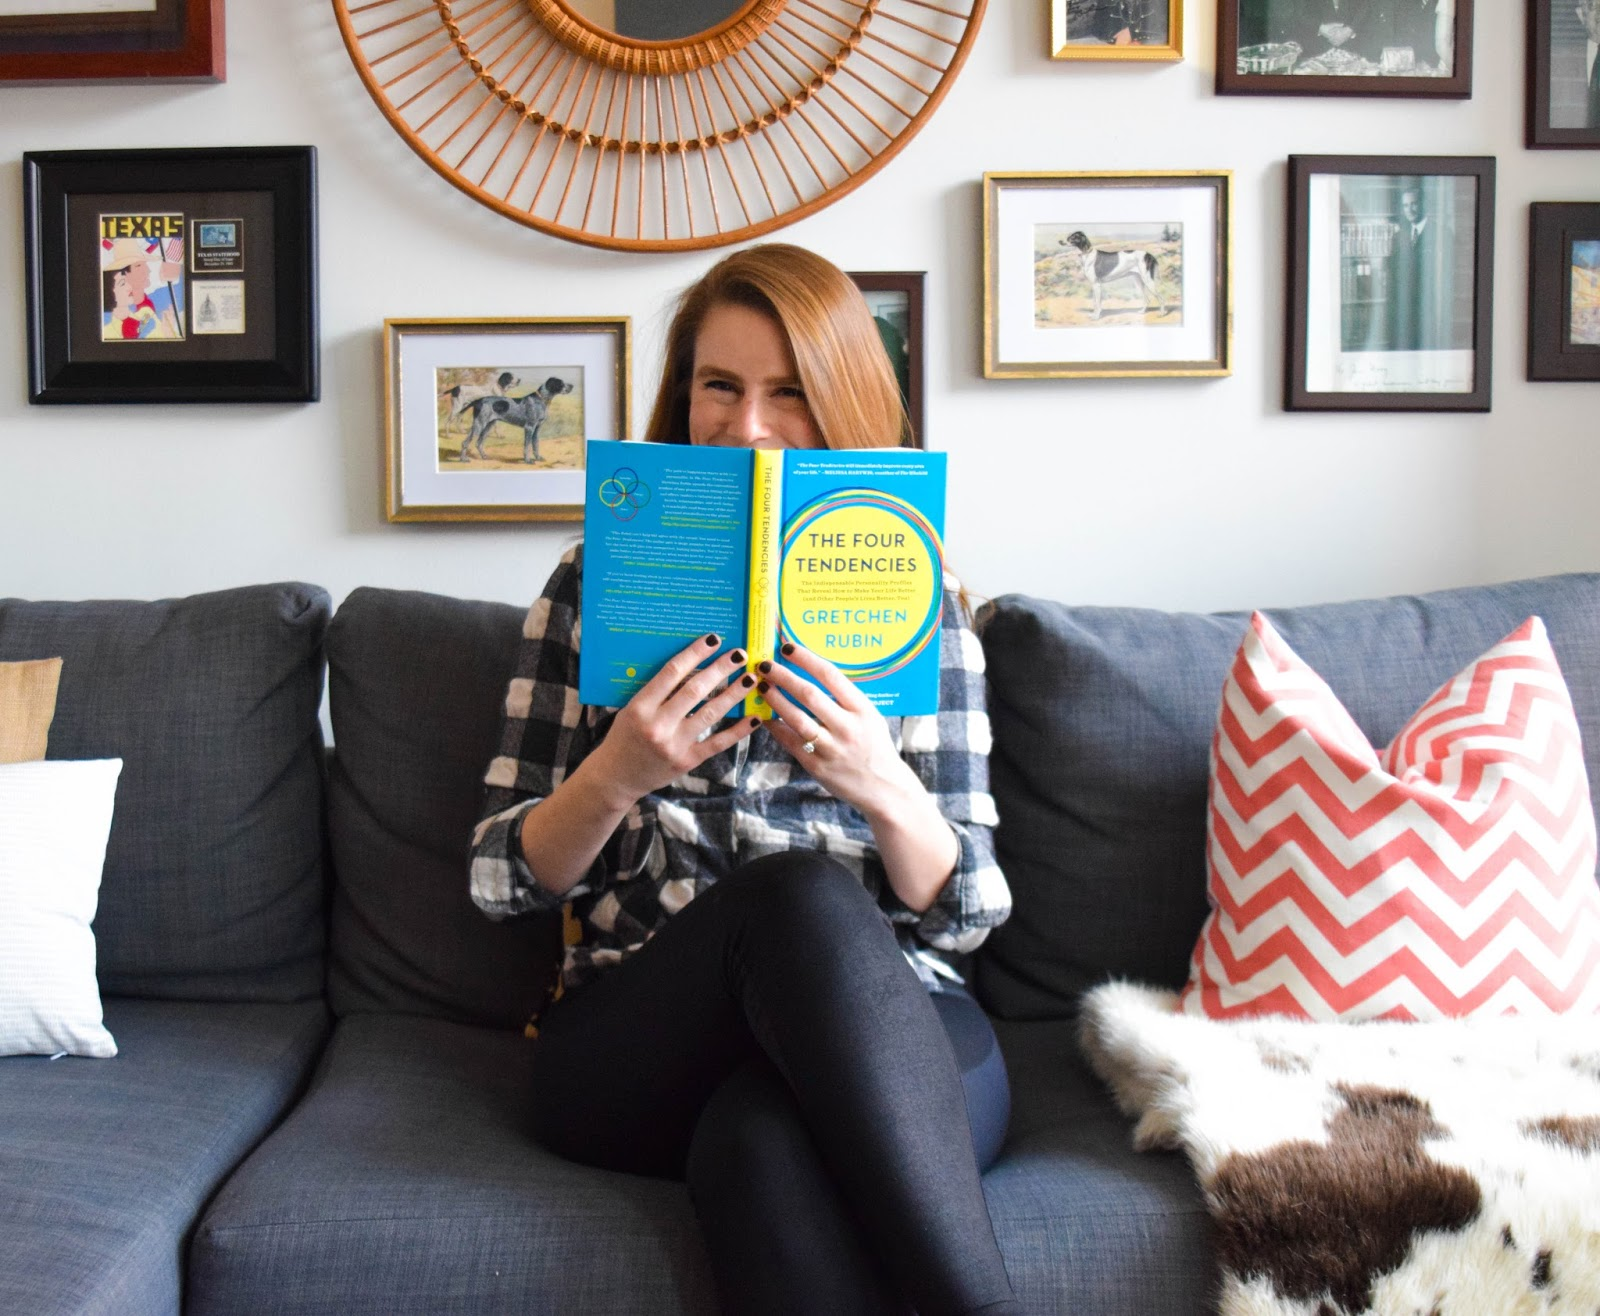 Book Club: Gretchen Rubin's The Four Tendencies
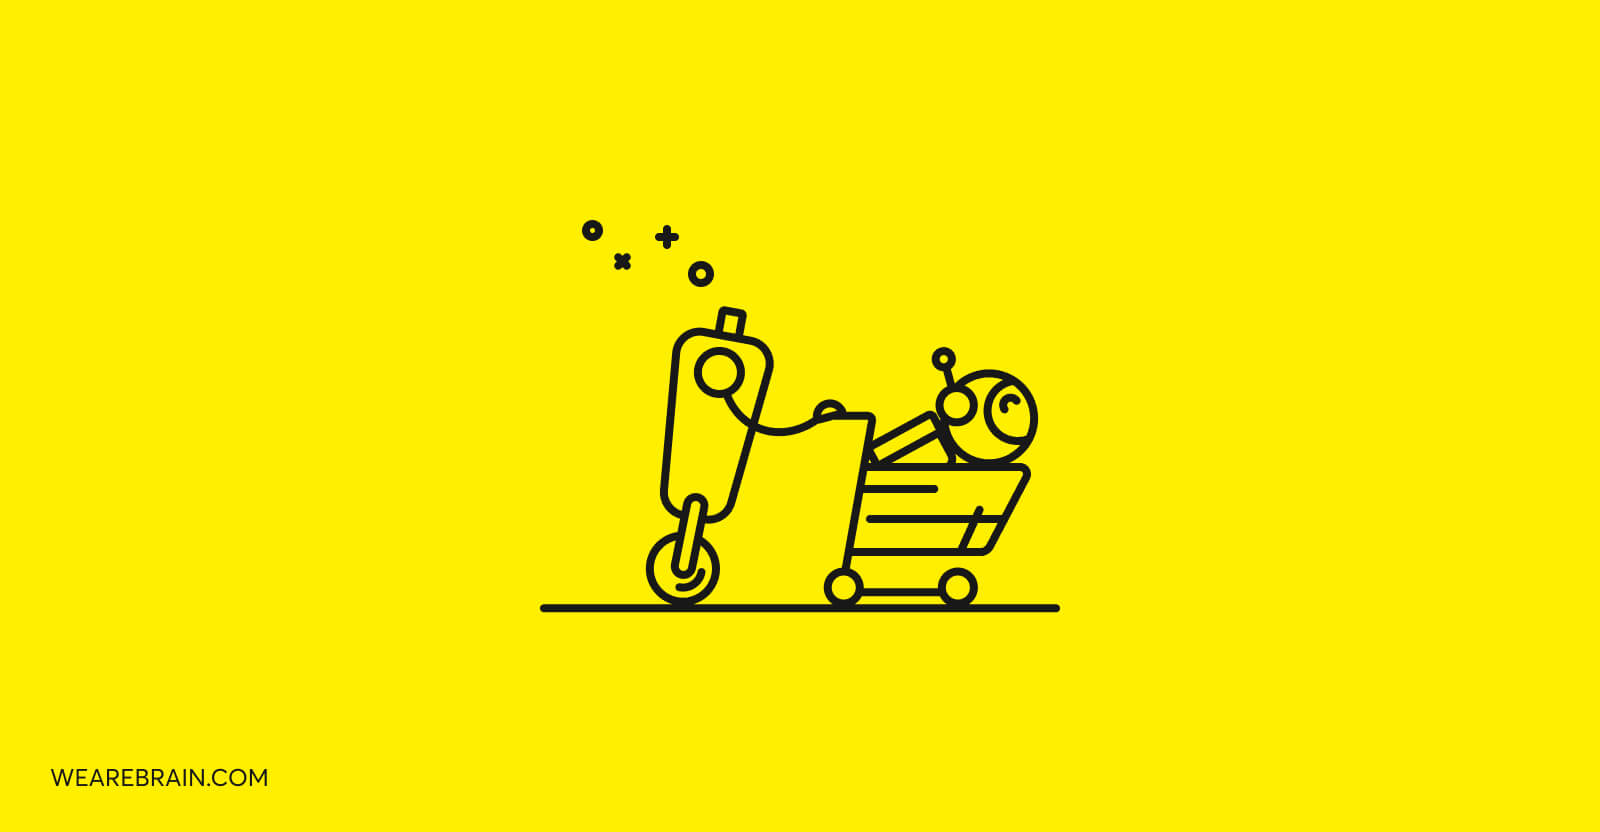 illustration of a headless shopping robot
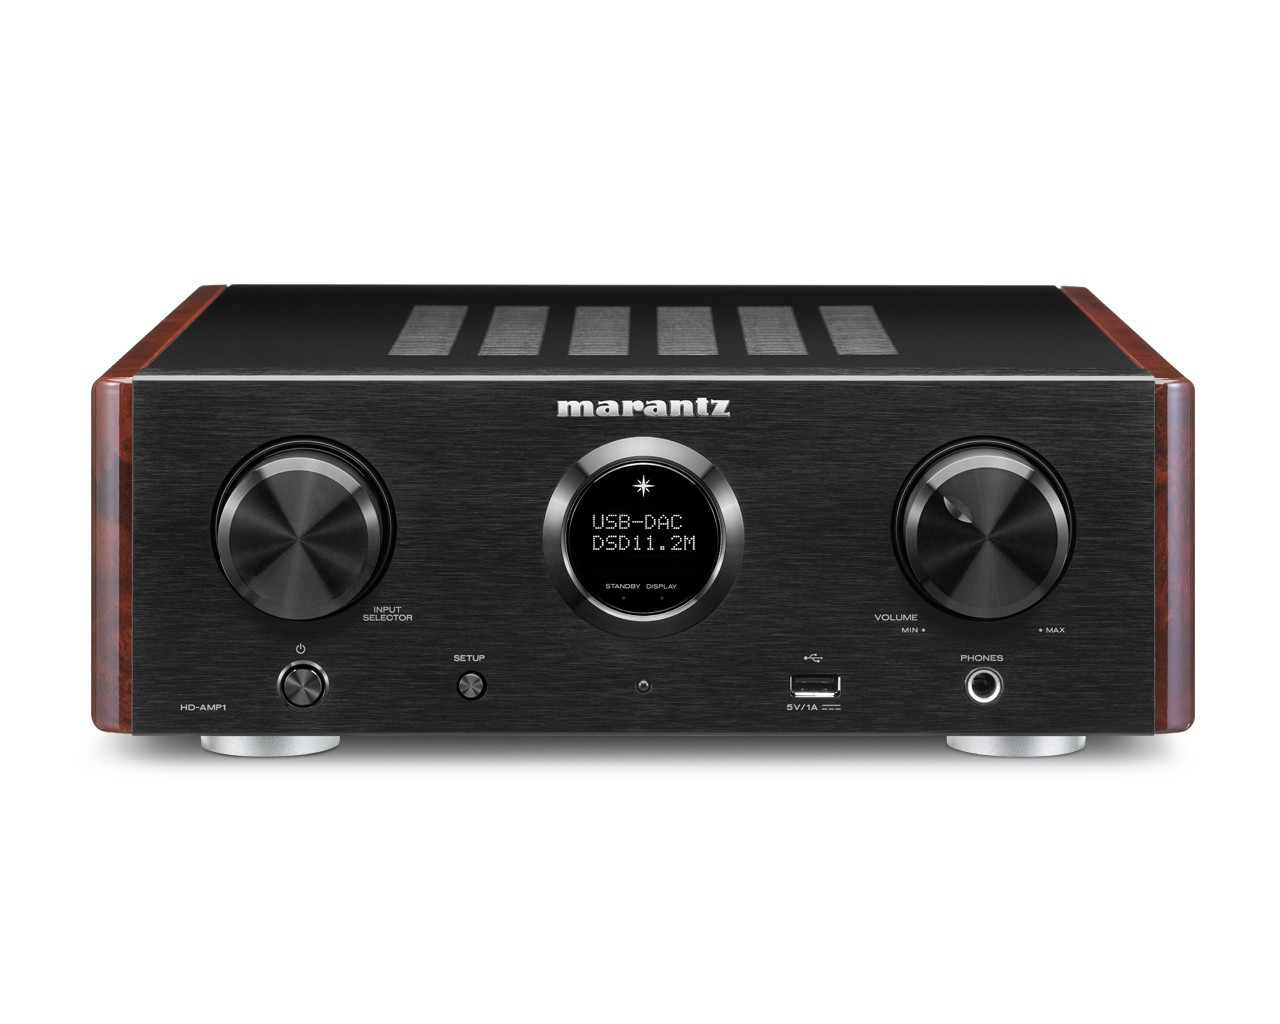 Стерео усилитель с ЦАП: Marantz HD-AMP 1 Black -

PROBLEM:
Copy every line of the data word for word, omitting the images.

COMPLETED EXERCISE:
 Book Club: Gretchen Rubin's The Four Tendencies
 illustration of a headless shopping robot
 Стерео усилитель с ЦАП: Marantz HD-AMP 1 Black -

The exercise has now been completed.